Sperare contro ogni speranza.


“La resurrezione dei morti per la vita del mondo che verrà” è il fondamento dell’essere cristiani. Eppure ognuno, nella vita, sperimenta come questa semplice affermazione – espressa nel Credo dei cristiani e nel Symbolum Apostolorum - carnis resurrectionem et vitam aeternam – sia quanto di più lontano dall’esperienza comune, quanto di più distante dalle ragionevoli aspettative umane, da apparire, probabilmente oggi ancor più che nel passato, bizzarria o superstizione.

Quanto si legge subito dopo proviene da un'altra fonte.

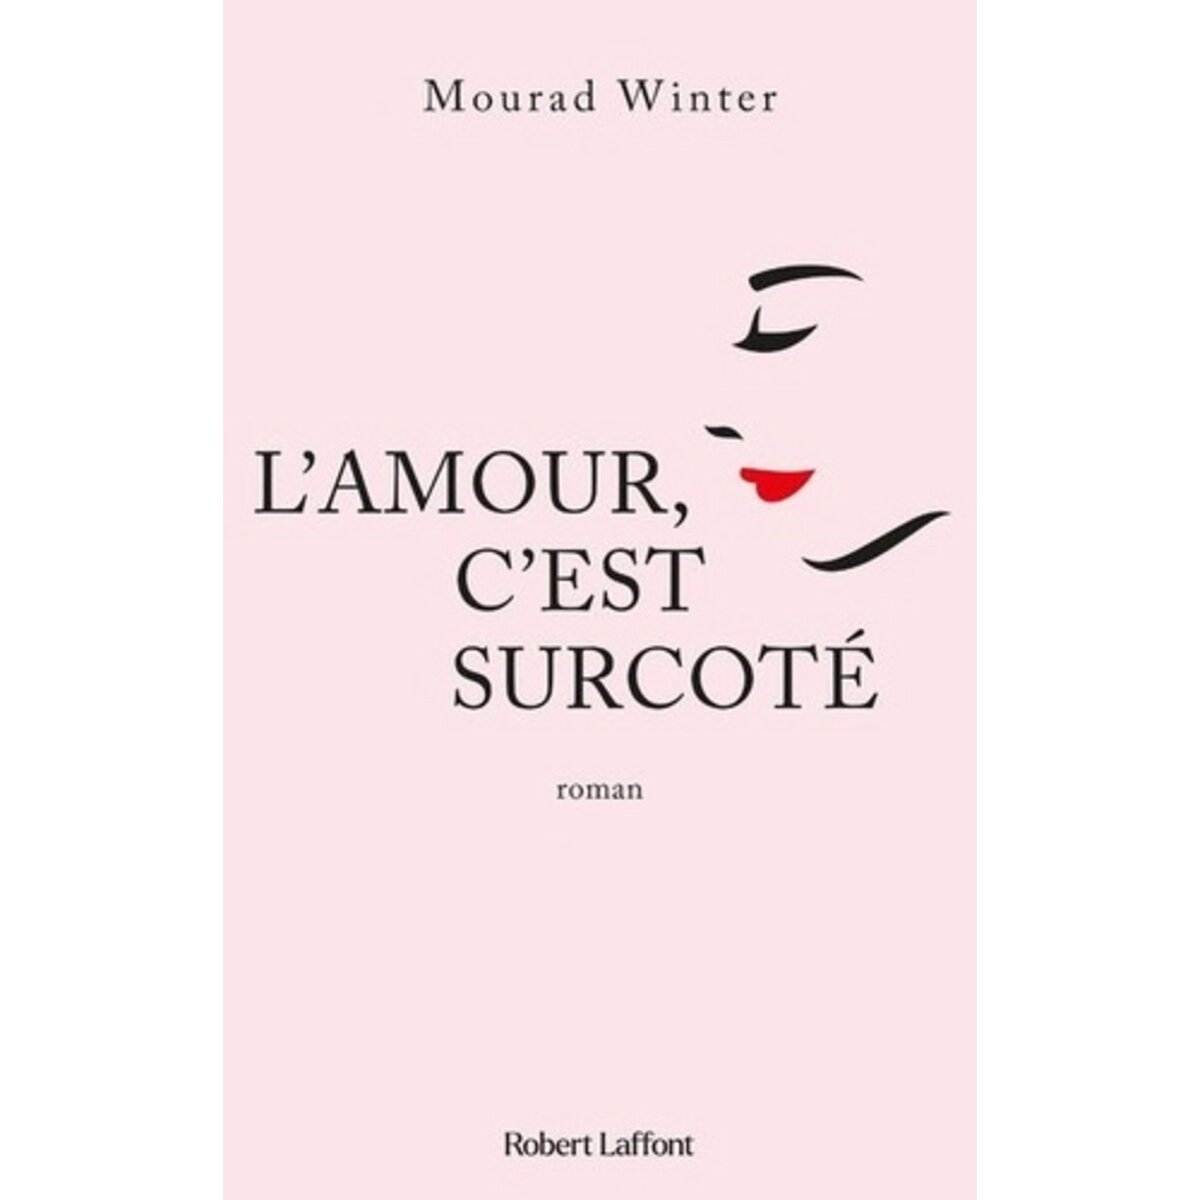  L'AMOUR, C'EST SURCOTE, Winter Mourad

Eppure i racconti evangelici parlano chiaro. E anche se non siamo obbligati a pensare alla Resurrezione nei termini in cui la descrive il Nuovo Testamento – Gesù mangia, parla, cammina insieme ai suoi discepoli, dopo essere morto – è perfino ovvio che quel che si chiede a un cristiano è di “avere fede sperando contro ogni speranza” (Rm, 4,18).

Come scrive Sergio Quinzio, “il cristiano è tale perché fa della propria fede il criterio per giudicare il mondo, mentre non v’è dubbio che se volesse giudicare la fede secondo i criteri del mondo, non potrebbe far altro che respingerla.”

Ma per l’appunto: cosa è il mondo ? Cosa è quello che chiamiamo mondo ? Potremmo davvero dire che la nostra concezione di mondo è assai limitata. E’ celebre e folgorante l’aforisma di Lao-tse: Quello che il bruco chiama fine del mondo, il resto del mondo chiama farfalla.

E’ un modo illuminante per comprendere come quello che noi chiamiamo ‘mondo’ dipende soltanto ed esclusivamente da quello che siamo noi. E la domanda allora si sposta: chi siamo noi ?

Noi, potremmo rispondere, siamo nella posizione più scomoda: come ha detto un celebre astrofisico recentemente, noi siamo esseri sospesi esattamente a metà strada tra il nulla e il mondo.

I cristiani, però, credono – perché lo hanno ascoltato – che proprio in questa sospensione esista un Senso, che è precisamente il Senso divino: siamo sospesi, e cioè a metà strada tra il nulla (la possibilità di essere nulla) e il mondo, cioè il tutto. Siamo creati, e quindi esistenti e siamo in un mondo creato ed esistente. Ma la nostra vera Vita – è quello che ci è stato detto – NON è di questo mondo.

Non si tratta qui, di rifiutare il mondo. Ma di ribaltarlo sulla base di quell’unica asse in sospeso che è Cristo, uomo – e quindi anche lui ‘a metà tra nulla e mondo, tra nulla e tutto’ – e Dio. La differenza tra Lui e noi, è che, come scrive Giovanni, Gesù Cristo “ha detto di essere la verità” (e lo ha manifestato con la sua resurrezione) - "Io sono la via, la verità e la vita. Nessuno viene al Padre se non per mezzo di me (Gv.14,6) - mentre ai credenti è richiesto di “fare la verità” - Ma chi opera la verità viene alla luce, perché appaia chiaramente che le sue opere sono state fatte in Dio (Gv.3,21) - esercitare cioè la conformità a Cristo e alla sua promessa, vissuta nella manifestazione della sua giustizia. Qui sta l’evangelica contrapposizione tra Dio e il mondo. Che forse, mai come in questi tempi dissolutivi, è così evidente.